Октябрьский ветер недобро задувал за воротник, и Женя ёжился, идя по открытому пустырю. В сотне метров от него чернел не застеклёнными ямами окон недостроенный дом. Было уже по-осеннему сумрачно, в ботинках начинала хлюпать разжиженная глина, чудесным образом просочившаяся сквозь швы ботинок, но Женя этого не замечал.

К этому долгострою он приглядывался давно и внимательно. Вокруг весело зажигались огни в крепких домах-свечках, а этот стоял сиротливо и в то же время как-то насмешливо. Много раз его принимались строить, но потом оказывалось, что вдруг резко возрастали цены на стройматериалы, или подрядчик исчезал таинственным образом, переведя со счета строящей фирмы все деньги в неизвестном направлении. Городские власти на свой баланс брать его не хотели, а слава о нем шла по всему спальному району, слава дурная и громкая.

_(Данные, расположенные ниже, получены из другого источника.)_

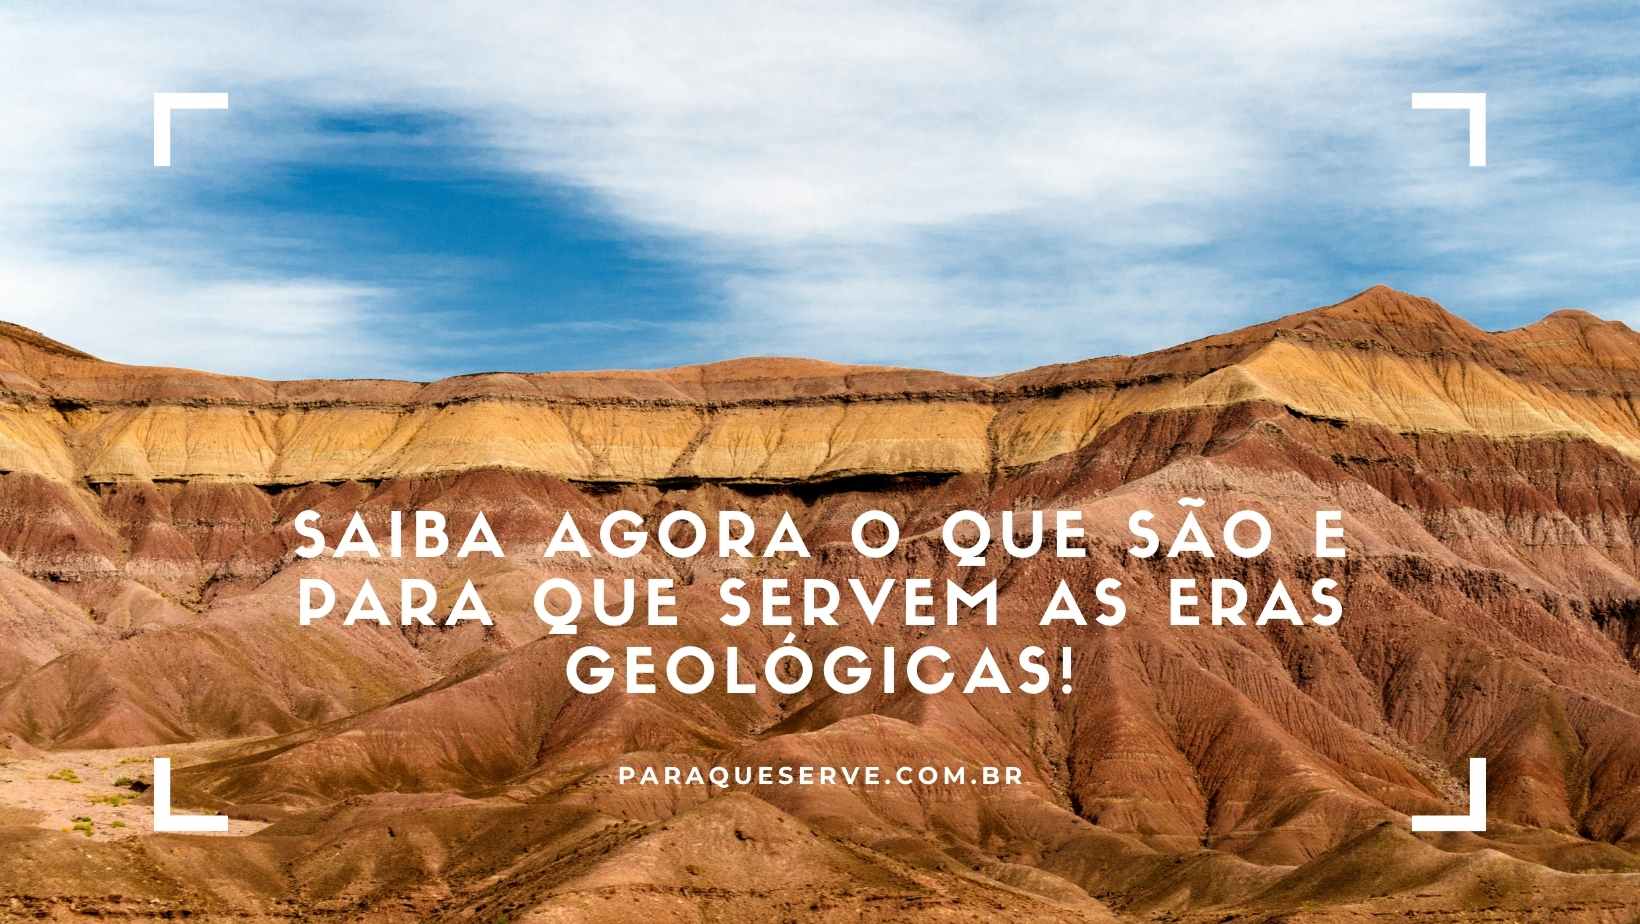 Saiba agora o que são e para que servem as eras geológicas!

Жители окрестных домов видели в подвале неясный свет, писали письма, но наряды милиции так ничего не обнаруживали.

Женя зашел в тёмный подъезд и щелкнул зажигалкой. В глубине лестничной клетки послышалось сухое покашливание и шорох.

– Эй, кто-нибудь есть?

– Чего кричишь, как полоумный? – Ответил кто-то справа.

Подкрался, словно кошка, мелькнуло у Жени.

– Здорово. Так ты и есть здешний обитатель?

– Предположим. А ты с чем пожаловал в мой терем-теремок?

– Да вот, на ночлег хочу попроситься, если пустишь.

– Кхе-кхе, – незнакомец выступил в круг света с неровными краями, создаваемый газовой зажигалкой.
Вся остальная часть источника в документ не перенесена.